Thallium chloride (TICI) crystallizes in a cubic lattice whose edge length is found to be 385 pm. If the density of the solid is found to be ` 7.0 " g cm"^(-3)` , predict the type of lattice to which the crystals of TICI belong .
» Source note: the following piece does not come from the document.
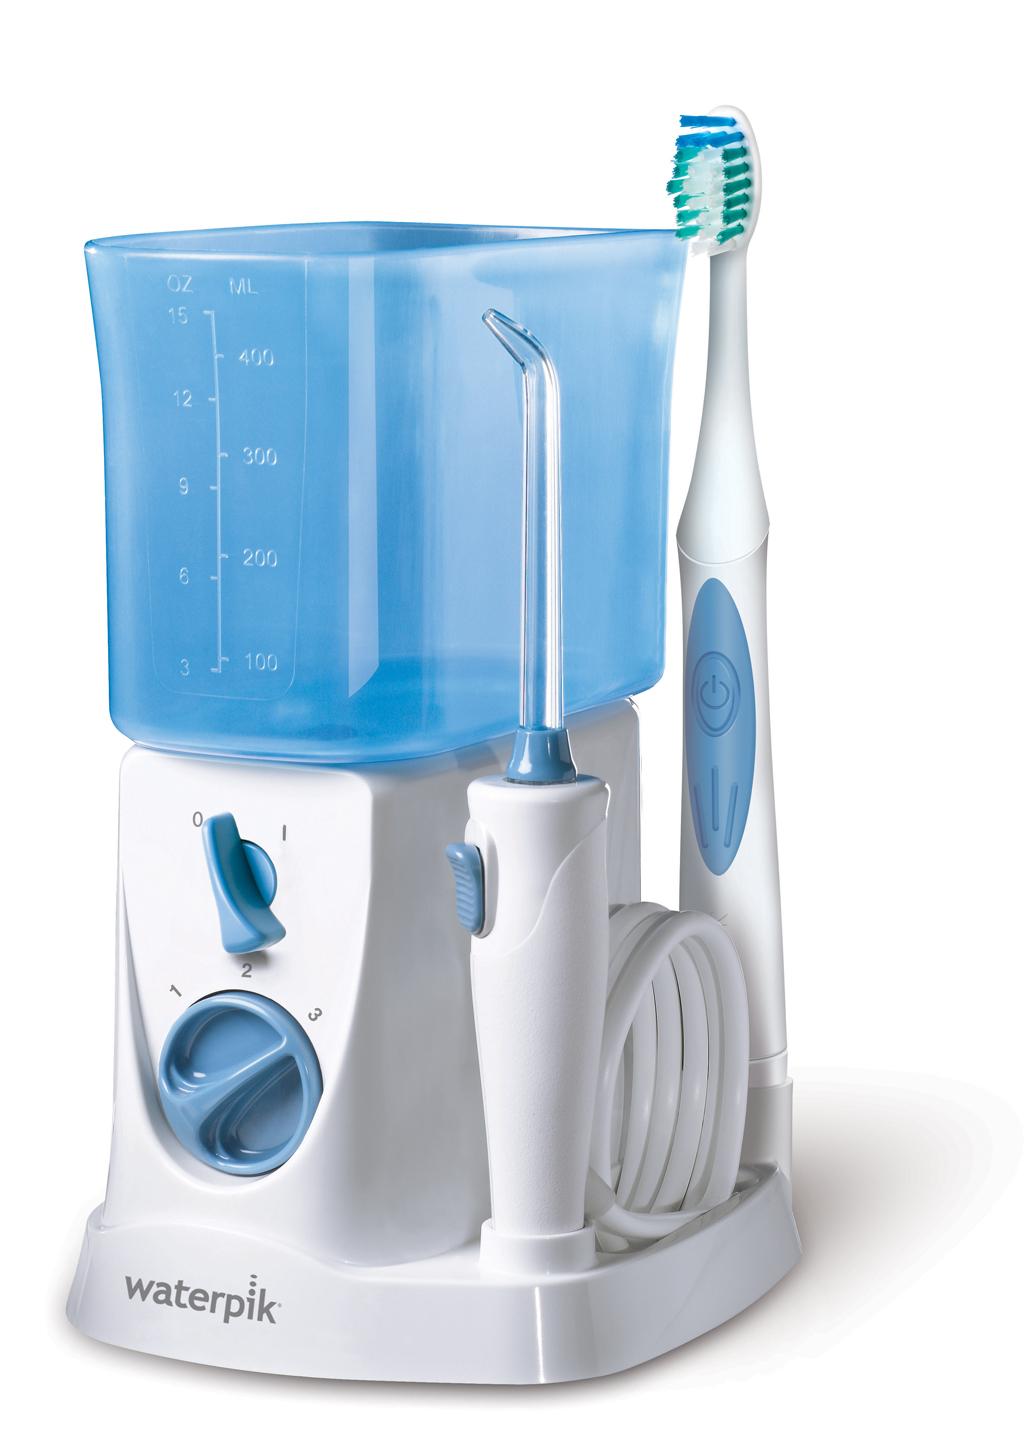 Watepik 700.jpg. El Irrigador Waterpik® 2en1 WP-700 combina un cepillado  eléctrico de tecnología sónica con la irrigación ... 3998f8e96cc2

(Atomic mass of TI = 204, Cl = 35.5)

To determine the type of lattice to which thallium chloride (TlCl) belongs, we can use the formula for density in a crystalline solid: \[ D = \frac{Z \times M}{N_A \times A^3} \] Where: - \( D \) = density of the solid (in g/cm³) - \( Z \) = number of formula units per unit cell - \( M \) = molar mass of the compound (in g/mol) - \( N_A \) = Avogadro's number (\( 6.022 \times 10^{23} \) mol⁻¹) - \( A \) = edge length of the unit cell (in cm) ### Step 1: Convert the edge length from picometers to centimeters Given edge length \( A = 385 \) pm, we convert this to centimeters: \[ A = 385 \, \text{pm} = 385 \times 10^{-12} \, \text{m} = 385 \times 10^{-10} \, \text{cm} = 3.85 \times 10^{-8} \, \text{cm} \] ### Step 2: Calculate the molar mass of TlCl The molar mass \( M \) can be calculated as follows: \[ M = \text{Atomic mass of Tl} + \text{Atomic mass of Cl} = 204 \, \text{g/mol} + 35.5 \, \text{g/mol} = 239.5 \, \text{g/mol} \] ### Step 3: Substitute the values into the density formula We know: - Density \( D = 7.0 \, \text{g/cm}^3 \) - Molar mass \( M = 239.5 \, \text{g/mol} \) - Edge length \( A = 3.85 \times 10^{-8} \, \text{cm} \) Now substituting these values into the density formula: \[ 7.0 = \frac{Z \times 239.5}{6.022 \times 10^{23} \times (3.85 \times 10^{-8})^3} \] ### Step 4: Calculate \( A^3 \) Calculating \( A^3 \): \[ A^3 = (3.85 \times 10^{-8})^3 = 5.73 \times 10^{-23} \, \text{cm}^3 \] ### Step 5: Rearranging to find \( Z \) Rearranging the density formula to solve for \( Z \): \[ Z = \frac{D \times N_A \times A^3}{M} \] Substituting the values: \[ Z = \frac{7.0 \times 6.022 \times 10^{23} \times 5.73 \times 10^{-23}}{239.5} \] ### Step 6: Calculate \( Z \) Calculating \( Z \): \[ Z = \frac{7.0 \times 6.022 \times 5.73}{239.5} \approx \frac{7.0 \times 34.38}{239.5} \approx \frac{241.66}{239.5} \approx 1.01 \] ### Step 7: Determine the type of lattice Since \( Z \approx 1 \), this indicates that there is approximately one formula unit of TlCl per unit cell. This suggests that TlCl crystallizes in a simple cubic lattice. ### Conclusion Thallium chloride (TlCl) belongs to a simple cubic lattice structure. ---